Edible mushrooms have long been recognised for their therapeutic potential, attributed to a range of medicinal properties like anti-tumour, antioxidant, immunomodulatory, anti-microbial, anti-inflammatory, cardiovascular-protective, cholesterol-lowering, anti-obesity, anti-diabetic, radical-scavenging, anti-fungal, anti-cancer, and various other health-promoting benefits (Fig. 1) (Wasser & Weis, 1999; Yadav & Negi, 2021). Health benefits of some mushroom species bioactive agents were tabulated in Table 1. The significance of incorporating mushrooms into the diet has become more than ever during the SARS-CoV-2 pandemic. Regular consumption of natural products like Inonotus obliquus, Lentinula edodes, and Grifola frondosa, known for their potent antiviral and anti-inflammatory properties, can help mitigate the effects of SARS-CoV-2 and support the body’s defence against the virus (Shahzad, Anderson, & Najafzadeh, 2020).

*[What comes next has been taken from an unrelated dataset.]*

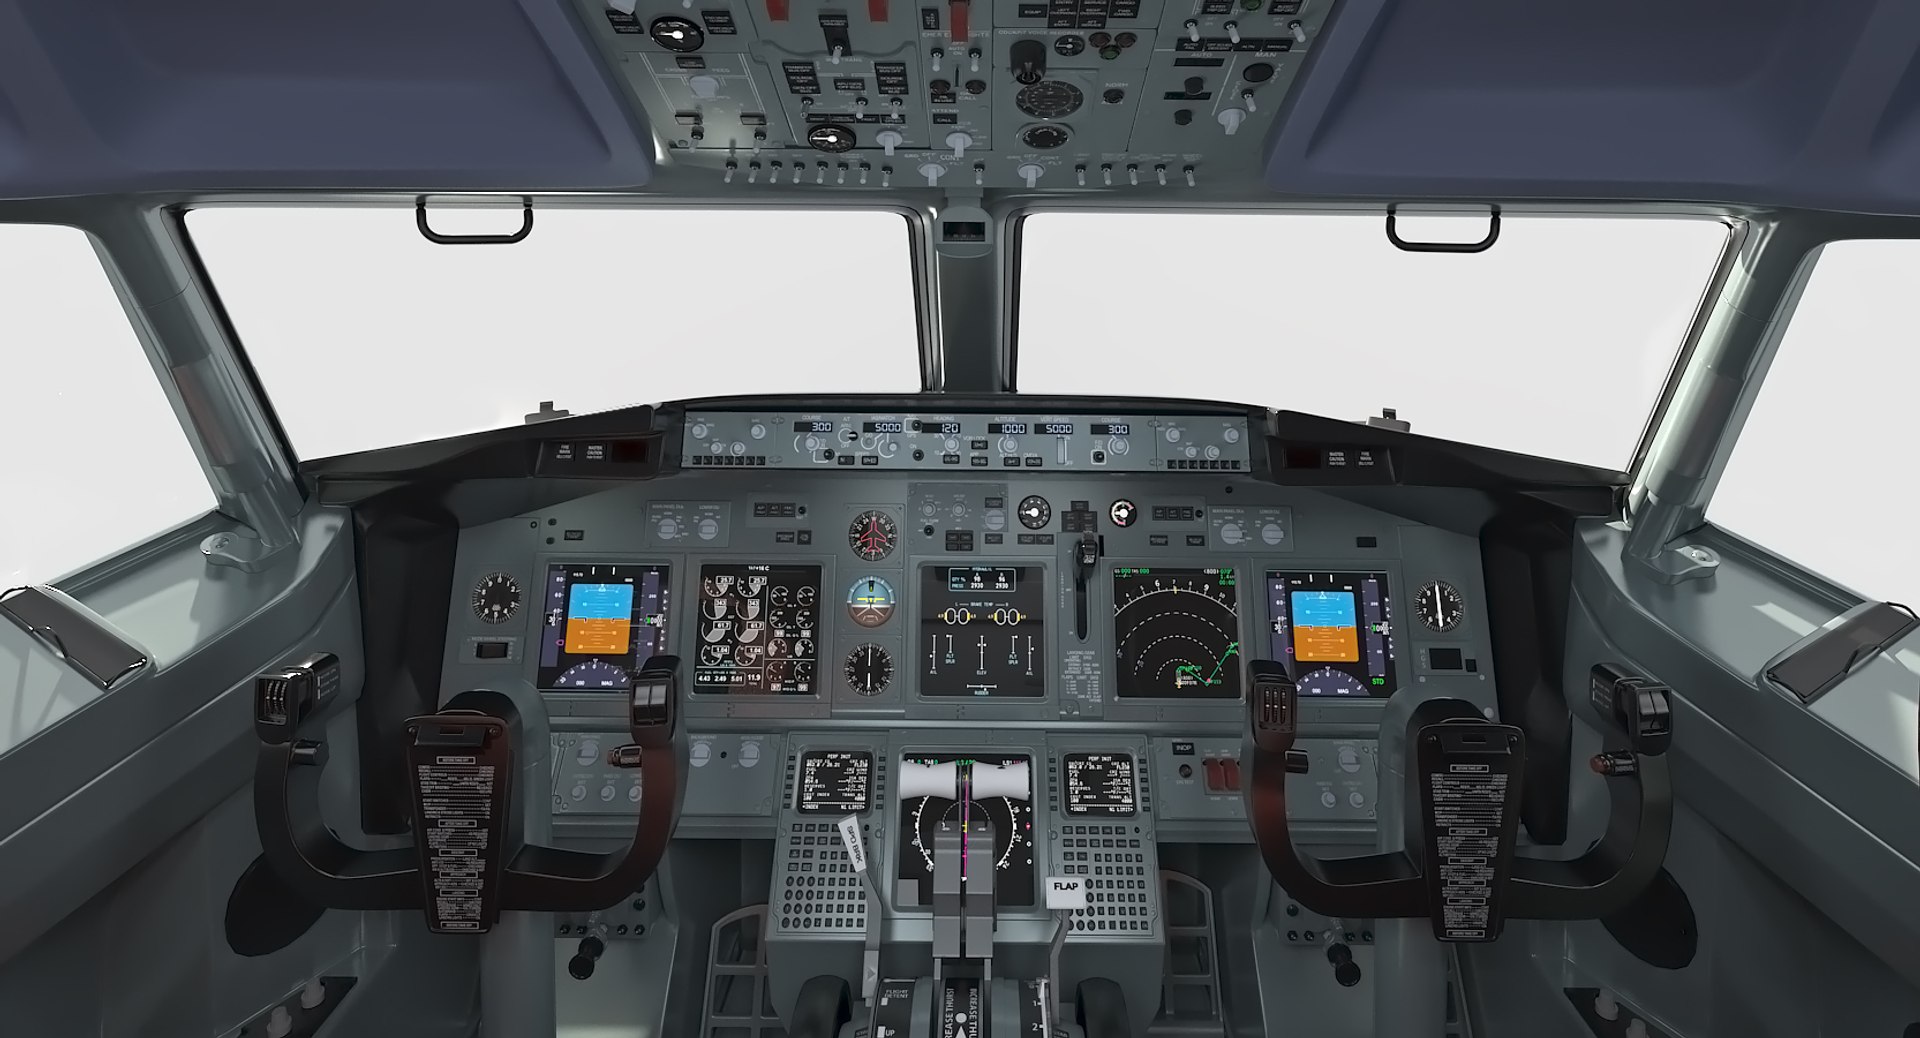 boeing 737 cockpit 3D model https://p.turbosquid.com/ts-thumb/oo/gnpP3P/dhmgq2Yx/boeing737cockpit3dsmodel001/jpg/1501613186/1920x1080/fit_q87/39dbcdfafea4938c9eb6ac89928a5b191c7e4611/boeing737cockpit3dsmodel001.jpg

Mushroom or fungal protein is considered superior to bacterial and vegetable proteins for several reasons; unlike the strong beany flavour of soy protein, fungal protein offers appealing, mild, umami-rich mushroom flavour; texture is naturally soft and smooth but can be easily modified through cooking to replicate the juicy, firm texture of meat; mushroom mycoproteins are initially bland and colourless; they can be enhanced to resemble a variety of meats, such as chicken or ham, with added flavour and colour; and additionally, mushroom provides significant health benefits, including anti-tumour properties, making fungal protein a nutritionally superior and versatile alternative to plant or animal meat (Rousta et al., 2021; Singh & Sit, 2022).
Mushroom proteins, an alternative to animal-based protein, offer complete nutritional attributes like EAAs profile, vitamins (B complex and D), minerals, and its therapeutic properties, which can fulfill RDA (Recommended Dietary Allowance) requirements and an ideal idea for the development of potential meat analogues. Therefore, this review explores the potential of mushrooms as an alternative source for meat analogues.